The debate in France on incorporating the cost of inputs into the price received by farmers has moved forward with the proposal of a law made by a member of the French National Assembly.
Gregory Besson-Moreau has proposed a bill that will put mandatory cost indicators into the price negotiations between farmers and processors and supermarkets.
The proposal aims at ensuring that farmers get a better share of final consumer price by legally insisting that the cost of producing food are factored into the prices paid to farmers.
Much interest will focus on the proposed law’s clause that will introduce a ban on food clearance sales without the permission of the farmers involved.
The proposed bill has been welcomed by the French agriculture minister on behalf of the government.
The president of ICMSA Pat McCormack has welcomed the developments stating that the proposed law will not create a new regulation but rather strengthen an already existing French one while attracting attention at EU level.
In Ireland we have no legal mechanism for ensuring that farmers get a fair price at all
“Irish politicians seem terrified of our powerful retail corporations and unwilling to give any serious consideration to any measure that might displease them or upset the cheap food policy they operate,” McCormack said.
“In Ireland we have no legal mechanism for ensuring that farmers get a fair price at all, much less ensure that the costs of producing the food in the first place are covered.”
McCormack warns that the focus in Ireland is becoming more pressing as the costs and inputs around environmental sustainability become clearer.

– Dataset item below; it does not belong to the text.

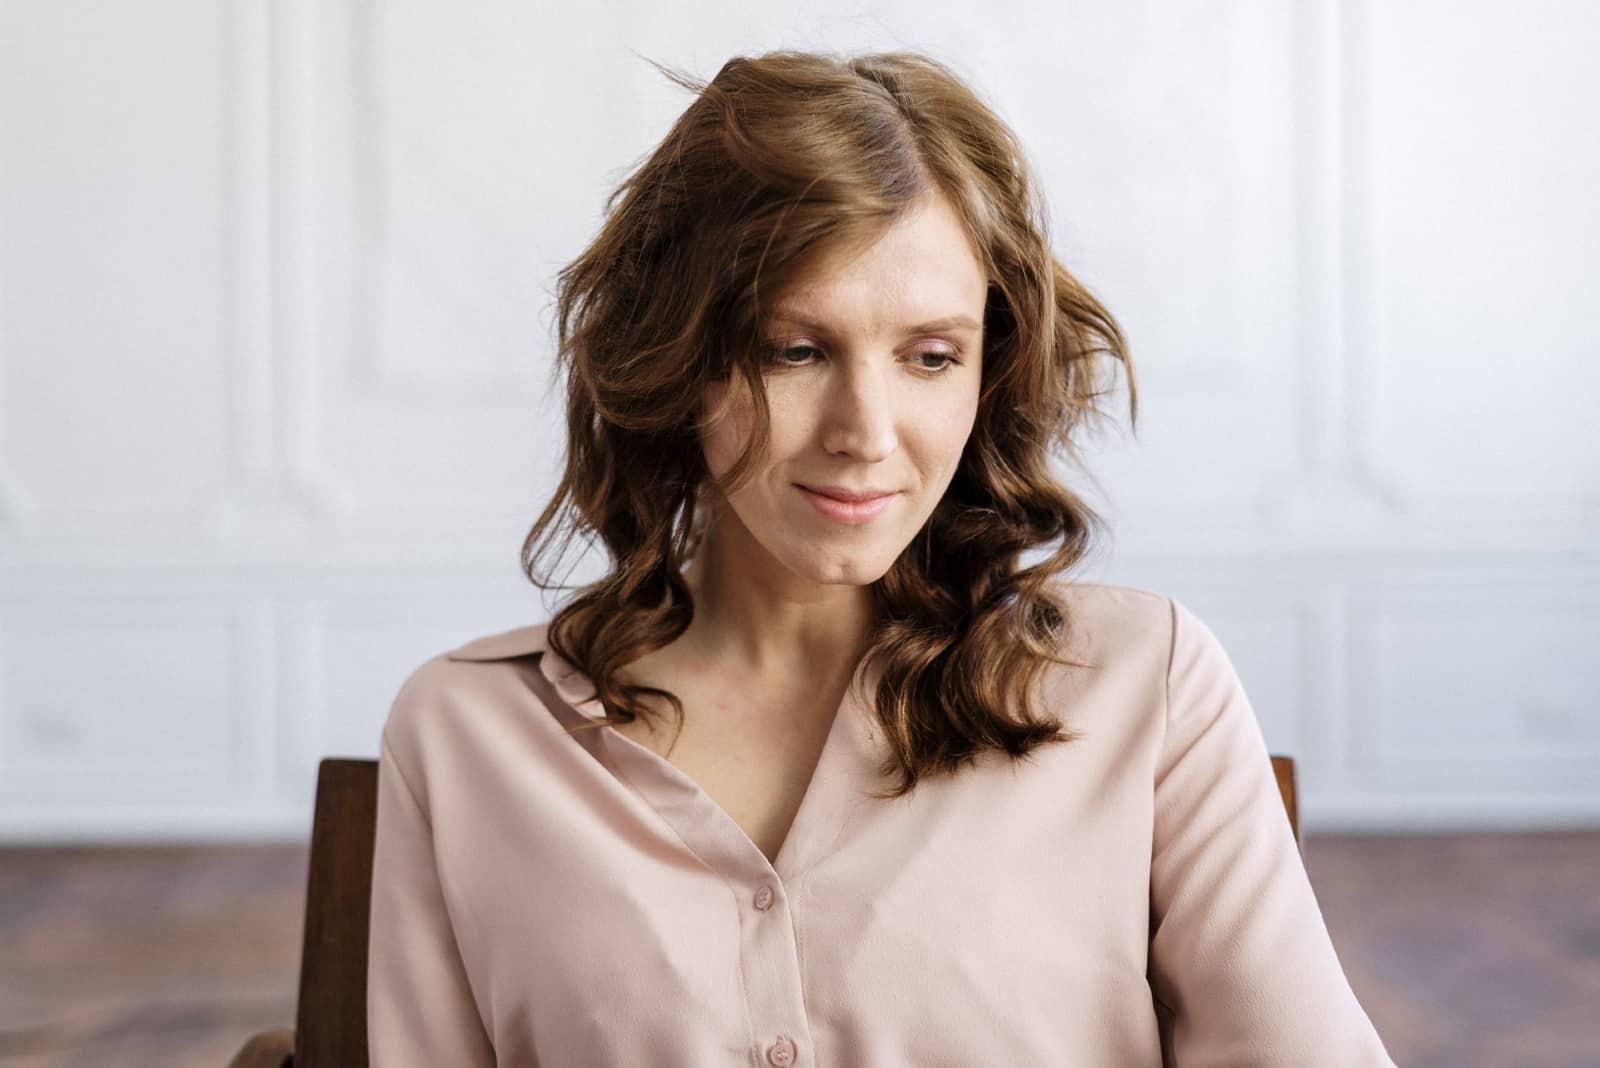 Femme triste en chemise boutonnée blanche assise sur une chaise

We are going to have to introduce a system that ensures that the people producing the food are paid the economic and environmental costs of production
“It’s already obvious that we are going to have to reform and recalculate what we pay for food, because the present system, invented by the corporate retailers for their benefit, is not even paying the economic costs.
“We are going to have to introduce a system that ensures that the people producing the food are paid the economic and environmental costs of production.”
The ICMSA highlights that within the Agri-Strategy 2030 document there is no mention of the scale of changes to consumer prices that must take place.